One spring evening she saw two mounted men descending one of the roads which led from the mountains. Instead of jogging quietly out on the highway, as ordinary travellers would have done, they disappeared among the trees. Soon afterward she caught a glimpse of two other horsemen on the second mountain road. One of these soon came into full view, and looked up and down as if to see that all was clear. Apparently satisfied, he gave a low whistle, when three men joined him. Phebe waited to see no more, but sped toward the house, her flaxen curls flying from her flushed and excited face.

“They are coming, father! Thee must be quick!” she cried.

But a moment or two elapsed before all were within the dwelling, the doors banged and barred, the heavy shutters closed, and the home-fortress made secure. Phebe’s warning had come none too soon, for they had scarcely time to take breath before the tramp of galloping horses and the oaths of their baffled foes were heard without. The marauders did not dare make much noise, for fear that some passing neighbor might give the alarm. Tying their horses behind the house, where they would be hidden from the road, they tried various expedients to gain an entrance, but the logs and heavy planks baffled them. At last one of the number suggested that they should ascend the roof and climb down the wide flue of the chimney. This plan was easy of execution, and for a few moments the stout farmer thought that his hour had come. With a heroism far beyond that of the man who strikes down his assailant, he prepared to suffer all things rather than take life with his own hands.

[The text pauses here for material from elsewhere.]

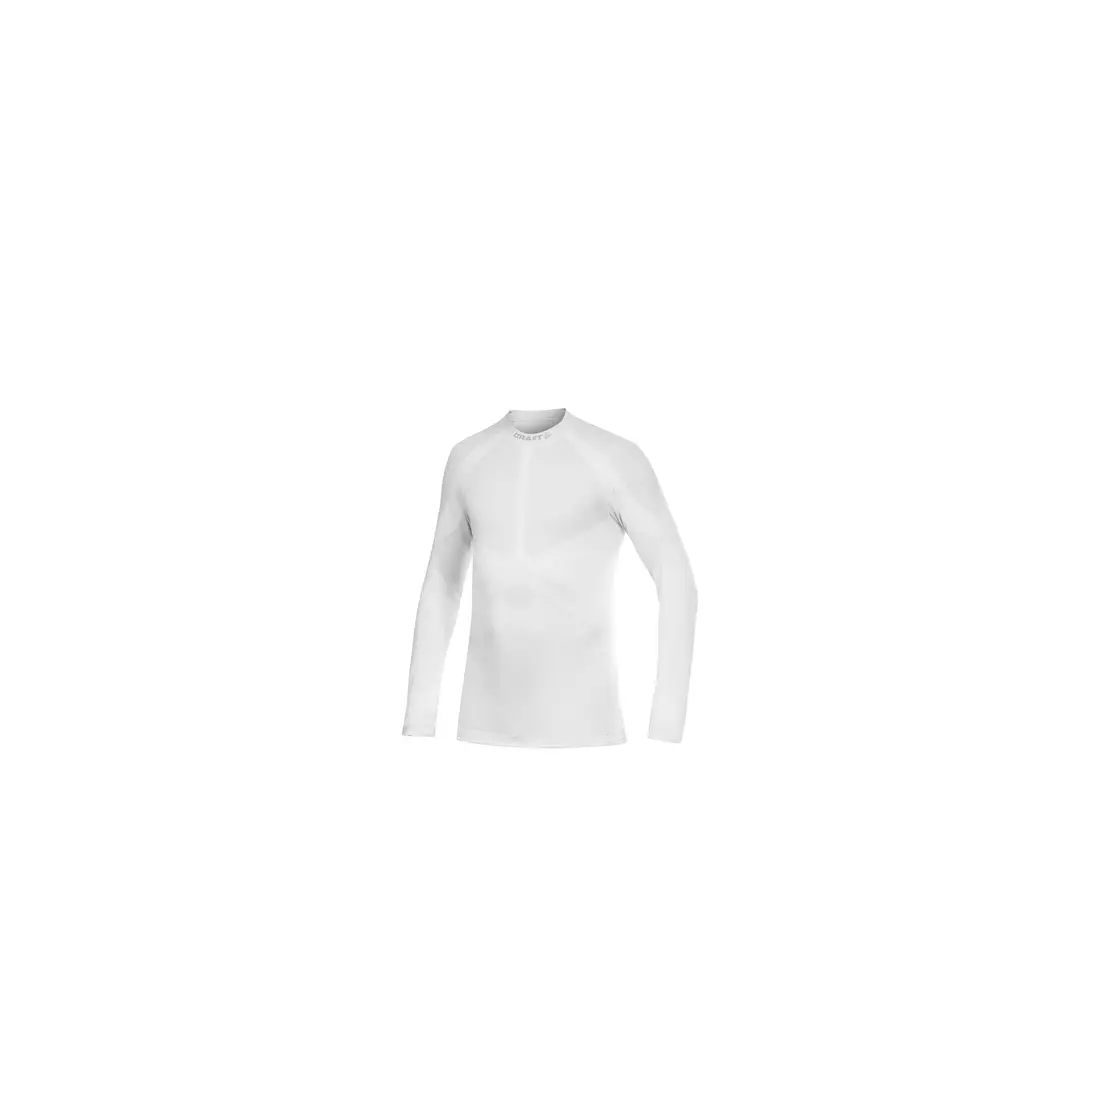 CRAFT WARM - thermal underwear - 1901637-2900 - men's T-shirt

But his wife proved equal to this emergency. She had been making over a bed, and a large basket of feathers was within reach. There were live coals on the hearth, but they did not give out enough heat to prevent the ruffians from descending. Two of them were already in the chimney, and were threatening horrible vengeance if the least resistance was offered. Upon the coals on the hearth the housewife instantly emptied her basket of feathers; and a great volume of pungent, stifling smoke poured up the chimney. The threats of the men, who by means of ropes were cautiously descending, were transformed into choking, half-suffocated sounds, and it was soon evident that the intruders were scrambling out as fast as possible. A hurried consultation on the roof ensued, and then, as if something had alarmed them, they galloped off. With the exception of the cries of the peepers, or hylas, in an adjacent swamp, the night soon grew quiet around the closed and darkened dwelling. Farmer Reynolds bowed in thanksgiving over their escape, and then after watching a few hours, slept as did thousands of others in those times of anxiety.

But Phebe did not sleep. She grew old by moments that night as do other girls by months and years; as never before she understood that her father’s life was in peril. How much that life meant to her and the little brood of which she was the eldest! How much it meant to her dear mother, who was soon again to give birth to a little one that would need a father’s protection and support! As the young girl lay in her little attic room, with dilated eyes and ears intent on the slightest sound, she was ready for any heroic self-sacrifice, without once dreaming that she was heroic.

The news of the night-attack spread fast, and there was a period of increased vigilance which compelled the outlaws to lie close in their mountain fastnesses. But Phebe knew that her father’s enemies were still at large with their hate only stimulated because baffled for a time. Therefore she did not in the least relax her watchfulness; and she besought their nearest neighbors to come to their assistance should any alarm be given.